== Segment start ==
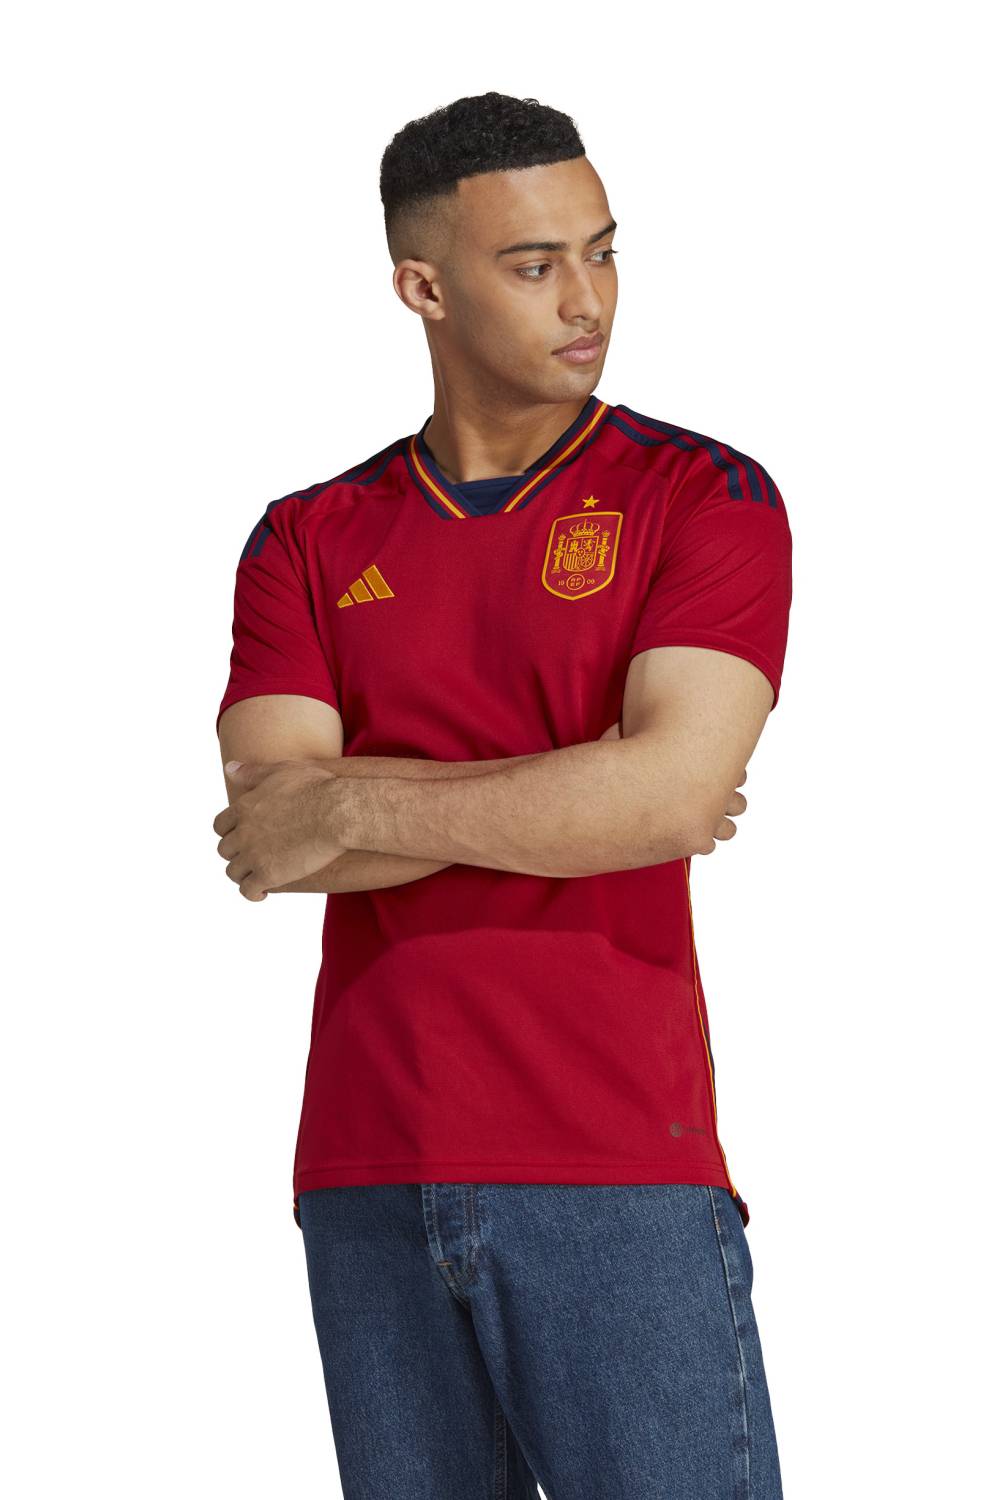 ADIDAS Camiseta De Fútbol España Local Hombre Adidas
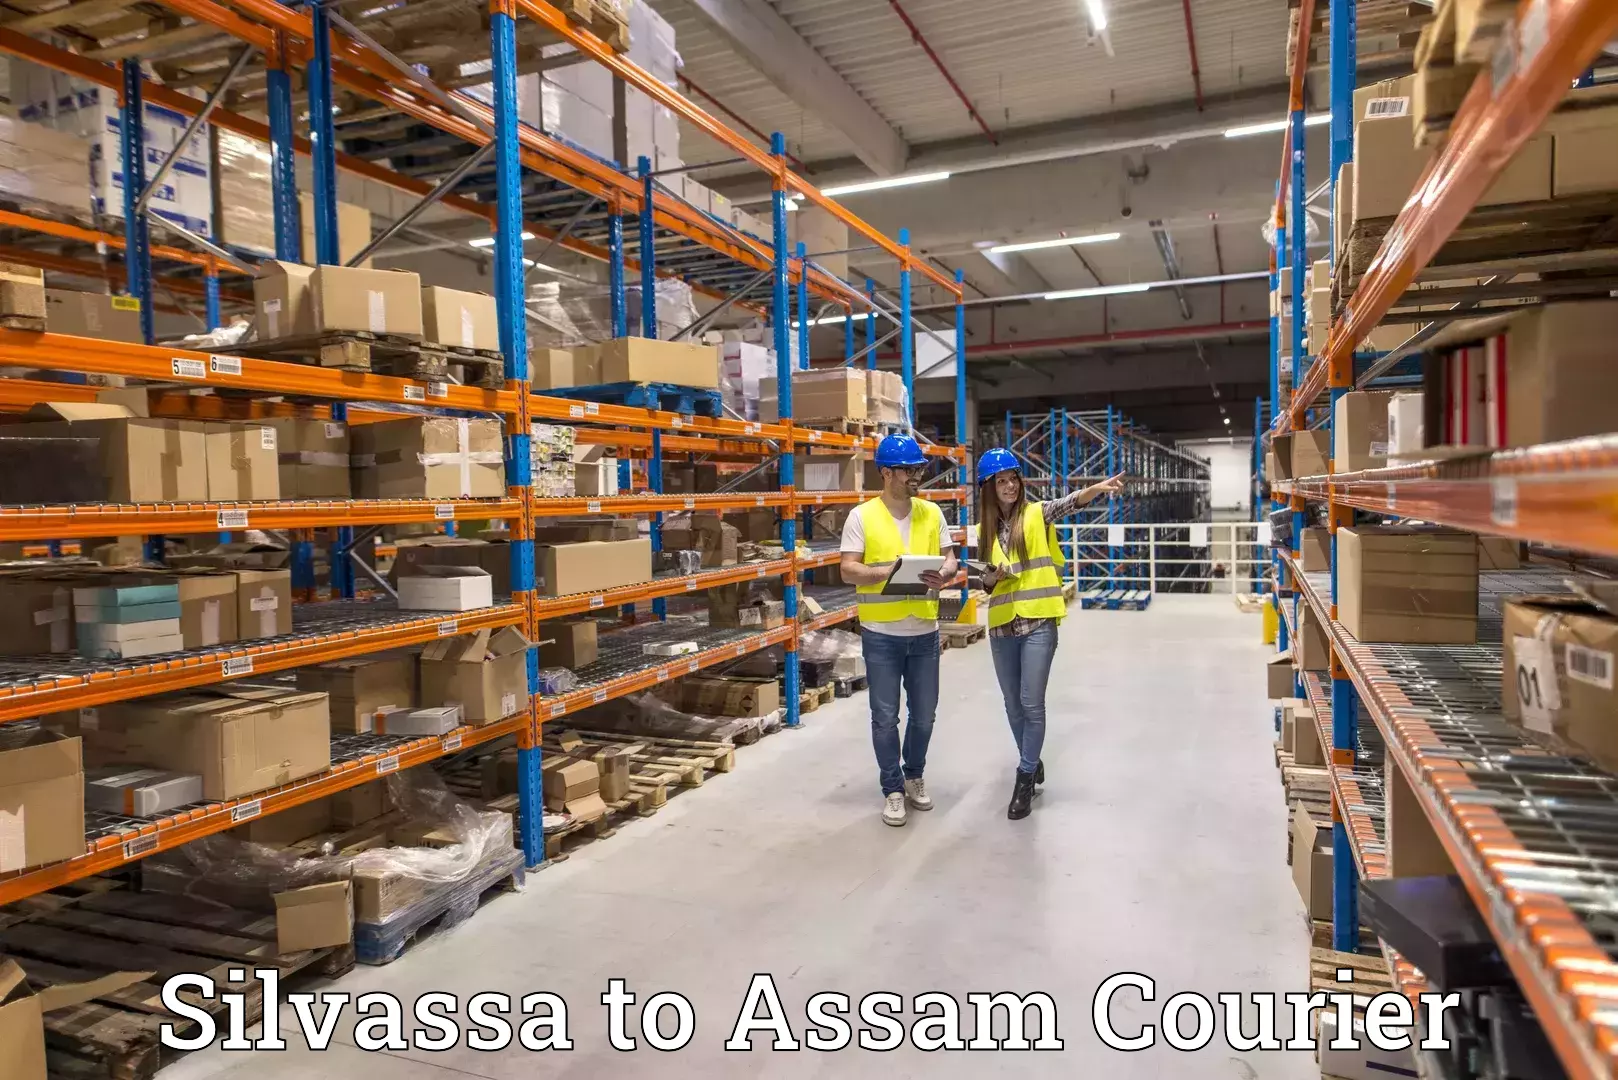 Express mail service Silvassa to Assam
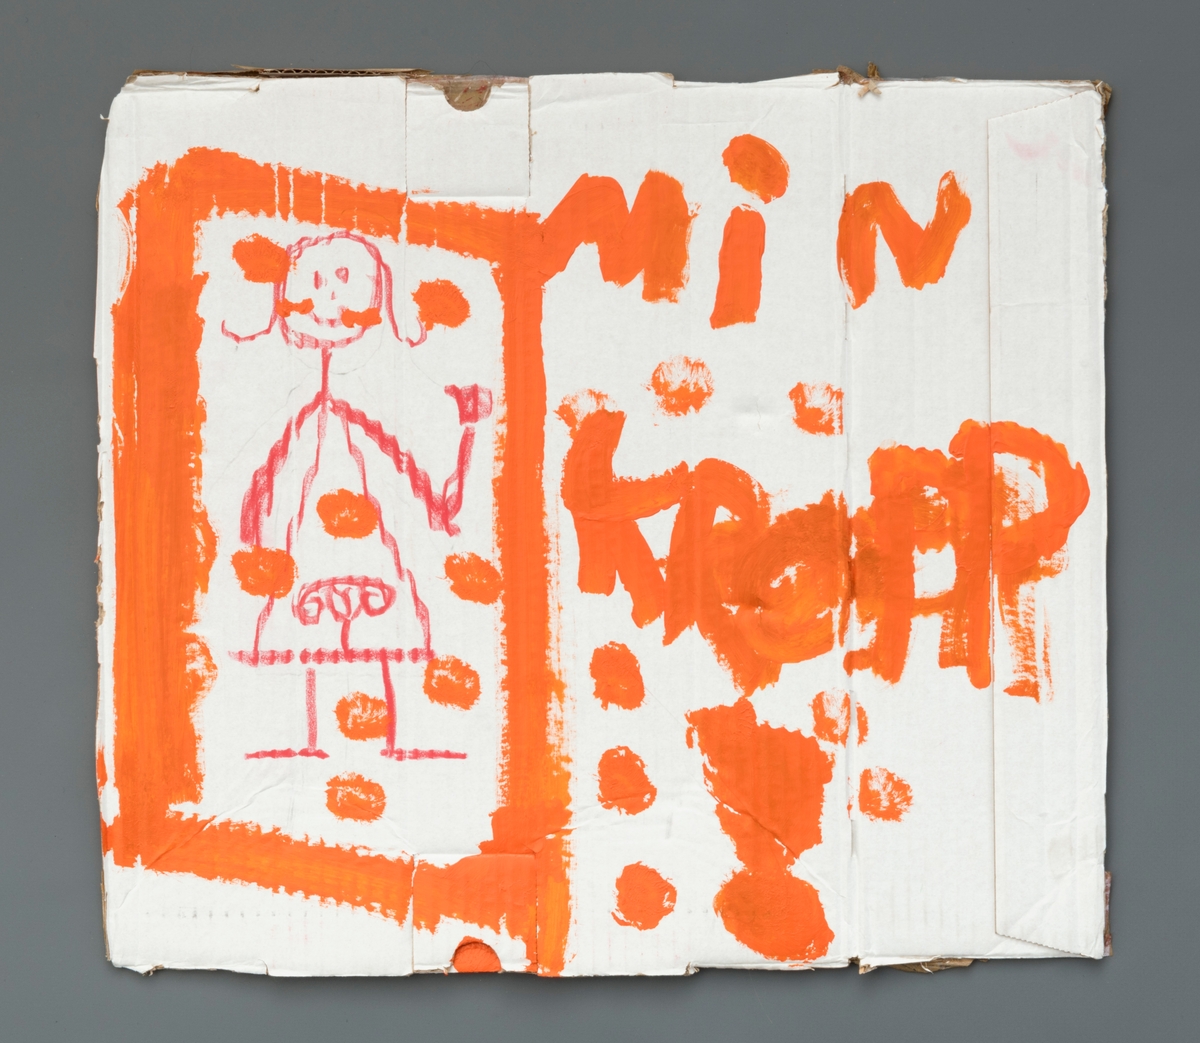 Håndmalt plakat. Hvit papp påmalt oransje tegning og bokstaver "Min kropp".
== Segment end ==
- [Problem details]: Reprint the whole listing above exactly, taking out the pictures.

- [Answer for this exercise]:
 ADIDAS Camiseta De Fútbol España Local Hombre Adidas
 Express mail service Silvassa to Assam
 Håndmalt plakat. Hvit papp påmalt oransje tegning og bokstaver "Min kropp".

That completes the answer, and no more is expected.